====== Data listing ======
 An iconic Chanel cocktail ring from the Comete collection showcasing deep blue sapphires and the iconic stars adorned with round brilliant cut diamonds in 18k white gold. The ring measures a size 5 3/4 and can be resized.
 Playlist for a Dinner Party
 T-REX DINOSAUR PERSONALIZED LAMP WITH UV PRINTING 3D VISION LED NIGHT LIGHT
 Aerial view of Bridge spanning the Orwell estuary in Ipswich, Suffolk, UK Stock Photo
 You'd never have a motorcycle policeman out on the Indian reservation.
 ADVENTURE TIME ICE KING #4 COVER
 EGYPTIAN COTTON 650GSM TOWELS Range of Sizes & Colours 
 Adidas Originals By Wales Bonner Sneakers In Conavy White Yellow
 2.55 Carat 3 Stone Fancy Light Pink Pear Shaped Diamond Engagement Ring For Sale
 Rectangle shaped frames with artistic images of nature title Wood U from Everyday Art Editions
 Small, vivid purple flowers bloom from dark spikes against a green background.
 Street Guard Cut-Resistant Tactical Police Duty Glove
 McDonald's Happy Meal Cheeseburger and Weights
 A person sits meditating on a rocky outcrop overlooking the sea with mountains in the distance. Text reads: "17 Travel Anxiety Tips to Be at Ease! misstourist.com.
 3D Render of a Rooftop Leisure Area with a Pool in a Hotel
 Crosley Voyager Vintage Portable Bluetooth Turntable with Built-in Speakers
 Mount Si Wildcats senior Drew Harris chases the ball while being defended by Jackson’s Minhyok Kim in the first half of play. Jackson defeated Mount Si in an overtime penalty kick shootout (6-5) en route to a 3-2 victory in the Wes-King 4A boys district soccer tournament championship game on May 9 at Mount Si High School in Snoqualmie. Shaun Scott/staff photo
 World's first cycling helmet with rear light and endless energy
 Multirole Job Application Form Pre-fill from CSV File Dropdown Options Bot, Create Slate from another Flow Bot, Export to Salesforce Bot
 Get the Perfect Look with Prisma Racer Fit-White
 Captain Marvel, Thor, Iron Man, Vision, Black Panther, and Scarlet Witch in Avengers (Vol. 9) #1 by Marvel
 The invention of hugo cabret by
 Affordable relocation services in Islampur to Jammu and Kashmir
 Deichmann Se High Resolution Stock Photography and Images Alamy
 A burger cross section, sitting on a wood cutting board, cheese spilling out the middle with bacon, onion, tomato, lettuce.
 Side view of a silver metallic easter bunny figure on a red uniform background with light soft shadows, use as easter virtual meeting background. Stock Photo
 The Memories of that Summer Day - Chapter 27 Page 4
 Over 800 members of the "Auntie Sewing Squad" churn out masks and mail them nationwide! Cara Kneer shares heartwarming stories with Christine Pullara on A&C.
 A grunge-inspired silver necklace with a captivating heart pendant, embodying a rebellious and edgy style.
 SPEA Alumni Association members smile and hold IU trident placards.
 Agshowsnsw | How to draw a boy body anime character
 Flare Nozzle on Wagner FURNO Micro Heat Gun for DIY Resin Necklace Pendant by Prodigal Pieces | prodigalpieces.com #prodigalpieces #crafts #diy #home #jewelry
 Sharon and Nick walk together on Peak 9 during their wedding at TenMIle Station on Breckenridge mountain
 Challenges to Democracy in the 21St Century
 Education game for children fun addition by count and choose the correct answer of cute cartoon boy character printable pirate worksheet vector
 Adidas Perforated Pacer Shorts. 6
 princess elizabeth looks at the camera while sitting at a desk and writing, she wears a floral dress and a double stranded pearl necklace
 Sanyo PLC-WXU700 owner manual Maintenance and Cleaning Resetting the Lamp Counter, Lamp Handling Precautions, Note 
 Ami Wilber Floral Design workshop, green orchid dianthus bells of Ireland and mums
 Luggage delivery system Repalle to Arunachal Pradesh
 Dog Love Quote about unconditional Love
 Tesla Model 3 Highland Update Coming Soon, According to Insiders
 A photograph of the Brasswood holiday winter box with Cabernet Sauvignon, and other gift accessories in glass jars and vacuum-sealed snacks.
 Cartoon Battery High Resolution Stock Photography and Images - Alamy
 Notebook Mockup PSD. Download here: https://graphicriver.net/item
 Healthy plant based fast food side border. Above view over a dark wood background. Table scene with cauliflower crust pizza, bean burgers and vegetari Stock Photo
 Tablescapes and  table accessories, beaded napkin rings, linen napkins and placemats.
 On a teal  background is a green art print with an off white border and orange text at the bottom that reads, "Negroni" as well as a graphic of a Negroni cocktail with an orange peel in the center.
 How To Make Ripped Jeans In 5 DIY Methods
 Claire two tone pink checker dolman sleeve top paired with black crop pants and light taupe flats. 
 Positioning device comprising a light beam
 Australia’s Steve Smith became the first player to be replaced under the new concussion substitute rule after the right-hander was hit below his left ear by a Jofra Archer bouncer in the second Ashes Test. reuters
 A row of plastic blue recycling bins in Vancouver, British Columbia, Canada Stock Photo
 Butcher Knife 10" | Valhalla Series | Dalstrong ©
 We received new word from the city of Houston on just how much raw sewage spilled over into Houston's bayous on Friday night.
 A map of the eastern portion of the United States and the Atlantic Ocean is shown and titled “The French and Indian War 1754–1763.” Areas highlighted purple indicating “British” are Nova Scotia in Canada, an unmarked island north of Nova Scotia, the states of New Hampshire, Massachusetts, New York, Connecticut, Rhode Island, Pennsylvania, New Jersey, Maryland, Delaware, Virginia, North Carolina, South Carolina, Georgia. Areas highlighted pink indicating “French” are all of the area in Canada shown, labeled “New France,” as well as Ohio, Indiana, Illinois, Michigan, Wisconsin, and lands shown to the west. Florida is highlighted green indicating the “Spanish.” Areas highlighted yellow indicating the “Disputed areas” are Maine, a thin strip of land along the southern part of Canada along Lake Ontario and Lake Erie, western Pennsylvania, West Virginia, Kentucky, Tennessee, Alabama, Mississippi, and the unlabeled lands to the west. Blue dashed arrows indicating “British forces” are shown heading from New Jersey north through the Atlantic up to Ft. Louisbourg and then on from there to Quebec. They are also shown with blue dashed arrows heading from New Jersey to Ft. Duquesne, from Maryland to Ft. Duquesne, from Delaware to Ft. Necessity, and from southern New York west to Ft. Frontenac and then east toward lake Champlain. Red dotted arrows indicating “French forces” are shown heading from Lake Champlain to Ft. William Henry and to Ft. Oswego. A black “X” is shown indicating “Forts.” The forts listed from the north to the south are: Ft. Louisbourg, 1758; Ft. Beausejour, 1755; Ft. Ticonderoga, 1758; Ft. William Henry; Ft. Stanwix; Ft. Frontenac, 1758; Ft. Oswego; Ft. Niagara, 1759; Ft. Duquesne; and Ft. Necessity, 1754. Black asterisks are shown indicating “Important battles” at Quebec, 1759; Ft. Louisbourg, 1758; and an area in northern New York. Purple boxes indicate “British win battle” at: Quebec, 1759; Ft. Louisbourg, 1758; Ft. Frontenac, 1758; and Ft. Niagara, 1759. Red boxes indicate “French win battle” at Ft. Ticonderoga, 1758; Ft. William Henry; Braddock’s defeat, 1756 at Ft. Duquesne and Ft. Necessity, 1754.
======
#### [Problem to work on]
The full listing above needs to be retyped exactly.

#### [Solution for this exercise]
 An iconic Chanel cocktail ring from the Comete collection showcasing deep blue sapphires and the iconic stars adorned with round brilliant cut diamonds in 18k white gold. The ring measures a size 5 3/4 and can be resized.
 Playlist for a Dinner Party
 T-REX DINOSAUR PERSONALIZED LAMP WITH UV PRINTING 3D VISION LED NIGHT LIGHT
 Aerial view of Bridge spanning the Orwell estuary in Ipswich, Suffolk, UK Stock Photo
 You'd never have a motorcycle policeman out on the Indian reservation.
 ADVENTURE TIME ICE KING #4 COVER
 EGYPTIAN COTTON 650GSM TOWELS Range of Sizes & Colours 
 Adidas Originals By Wales Bonner Sneakers In Conavy White Yellow
 2.55 Carat 3 Stone Fancy Light Pink Pear Shaped Diamond Engagement Ring For Sale
 Rectangle shaped frames with artistic images of nature title Wood U from Everyday Art Editions
 Small, vivid purple flowers bloom from dark spikes against a green background.
 Street Guard Cut-Resistant Tactical Police Duty Glove
 McDonald's Happy Meal Cheeseburger and Weights
 A person sits meditating on a rocky outcrop overlooking the sea with mountains in the distance. Text reads: "17 Travel Anxiety Tips to Be at Ease! misstourist.com.
 3D Render of a Rooftop Leisure Area with a Pool in a Hotel
 Crosley Voyager Vintage Portable Bluetooth Turntable with Built-in Speakers
 Mount Si Wildcats senior Drew Harris chases the ball while being defended by Jackson’s Minhyok Kim in the first half of play. Jackson defeated Mount Si in an overtime penalty kick shootout (6-5) en route to a 3-2 victory in the Wes-King 4A boys district soccer tournament championship game on May 9 at Mount Si High School in Snoqualmie. Shaun Scott/staff photo
 World's first cycling helmet with rear light and endless energy
 Multirole Job Application Form Pre-fill from CSV File Dropdown Options Bot, Create Slate from another Flow Bot, Export to Salesforce Bot
 Get the Perfect Look with Prisma Racer Fit-White
 Captain Marvel, Thor, Iron Man, Vision, Black Panther, and Scarlet Witch in Avengers (Vol. 9) #1 by Marvel
 The invention of hugo cabret by
 Affordable relocation services in Islampur to Jammu and Kashmir
 Deichmann Se High Resolution Stock Photography and Images Alamy
 A burger cross section, sitting on a wood cutting board, cheese spilling out the middle with bacon, onion, tomato, lettuce.
 Side view of a silver metallic easter bunny figure on a red uniform background with light soft shadows, use as easter virtual meeting background. Stock Photo
 The Memories of that Summer Day - Chapter 27 Page 4
 Over 800 members of the "Auntie Sewing Squad" churn out masks and mail them nationwide! Cara Kneer shares heartwarming stories with Christine Pullara on A&C.
 A grunge-inspired silver necklace with a captivating heart pendant, embodying a rebellious and edgy style.
 SPEA Alumni Association members smile and hold IU trident placards.
 Agshowsnsw | How to draw a boy body anime character
 Flare Nozzle on Wagner FURNO Micro Heat Gun for DIY Resin Necklace Pendant by Prodigal Pieces | prodigalpieces.com #prodigalpieces #crafts #diy #home #jewelry
 Sharon and Nick walk together on Peak 9 during their wedding at TenMIle Station on Breckenridge mountain
 Challenges to Democracy in the 21St Century
 Education game for children fun addition by count and choose the correct answer of cute cartoon boy character printable pirate worksheet vector
 Adidas Perforated Pacer Shorts. 6
 princess elizabeth looks at the camera while sitting at a desk and writing, she wears a floral dress and a double stranded pearl necklace
 Sanyo PLC-WXU700 owner manual Maintenance and Cleaning Resetting the Lamp Counter, Lamp Handling Precautions, Note 
 Ami Wilber Floral Design workshop, green orchid dianthus bells of Ireland and mums
 Luggage delivery system Repalle to Arunachal Pradesh
 Dog Love Quote about unconditional Love
 Tesla Model 3 Highland Update Coming Soon, According to Insiders
 A photograph of the Brasswood holiday winter box with Cabernet Sauvignon, and other gift accessories in glass jars and vacuum-sealed snacks.
 Cartoon Battery High Resolution Stock Photography and Images - Alamy
 Notebook Mockup PSD. Download here: https://graphicriver.net/item
 Healthy plant based fast food side border. Above view over a dark wood background. Table scene with cauliflower crust pizza, bean burgers and vegetari Stock Photo
 Tablescapes and  table accessories, beaded napkin rings, linen napkins and placemats.
 On a teal  background is a green art print with an off white border and orange text at the bottom that reads, "Negroni" as well as a graphic of a Negroni cocktail with an orange peel in the center.
 How To Make Ripped Jeans In 5 DIY Methods
 Claire two tone pink checker dolman sleeve top paired with black crop pants and light taupe flats. 
 Positioning device comprising a light beam
 Australia’s Steve Smith became the first player to be replaced under the new concussion substitute rule after the right-hander was hit below his left ear by a Jofra Archer bouncer in the second Ashes Test. reuters
 A row of plastic blue recycling bins in Vancouver, British Columbia, Canada Stock Photo
 Butcher Knife 10" | Valhalla Series | Dalstrong ©
 We received new word from the city of Houston on just how much raw sewage spilled over into Houston's bayous on Friday night.
 A map of the eastern portion of the United States and the Atlantic Ocean is shown and titled “The French and Indian War 1754–1763.” Areas highlighted purple indicating “British” are Nova Scotia in Canada, an unmarked island north of Nova Scotia, the states of New Hampshire, Massachusetts, New York, Connecticut, Rhode Island, Pennsylvania, New Jersey, Maryland, Delaware, Virginia, North Carolina, South Carolina, Georgia. Areas highlighted pink indicating “French” are all of the area in Canada shown, labeled “New France,” as well as Ohio, Indiana, Illinois, Michigan, Wisconsin, and lands shown to the west. Florida is highlighted green indicating the “Spanish.” Areas highlighted yellow indicating the “Disputed areas” are Maine, a thin strip of land along the southern part of Canada along Lake Ontario and Lake Erie, western Pennsylvania, West Virginia, Kentucky, Tennessee, Alabama, Mississippi, and the unlabeled lands to the west. Blue dashed arrows indicating “British forces” are shown heading from New Jersey north through the Atlantic up to Ft. Louisbourg and then on from there to Quebec. They are also shown with blue dashed arrows heading from New Jersey to Ft. Duquesne, from Maryland to Ft. Duquesne, from Delaware to Ft. Necessity, and from southern New York west to Ft. Frontenac and then east toward lake Champlain. Red dotted arrows indicating “French forces” are shown heading from Lake Champlain to Ft. William Henry and to Ft. Oswego. A black “X” is shown indicating “Forts.” The forts listed from the north to the south are: Ft. Louisbourg, 1758; Ft. Beausejour, 1755; Ft. Ticonderoga, 1758; Ft. William Henry; Ft. Stanwix; Ft. Frontenac, 1758; Ft. Oswego; Ft. Niagara, 1759; Ft. Duquesne; and Ft. Necessity, 1754. Black asterisks are shown indicating “Important battles” at Quebec, 1759; Ft. Louisbourg, 1758; and an area in northern New York. Purple boxes indicate “British win battle” at: Quebec, 1759; Ft. Louisbourg, 1758; Ft. Frontenac, 1758; and Ft. Niagara, 1759. Red boxes indicate “French win battle” at Ft. Ticonderoga, 1758; Ft. William Henry; Braddock’s defeat, 1756 at Ft. Duquesne and Ft. Necessity, 1754.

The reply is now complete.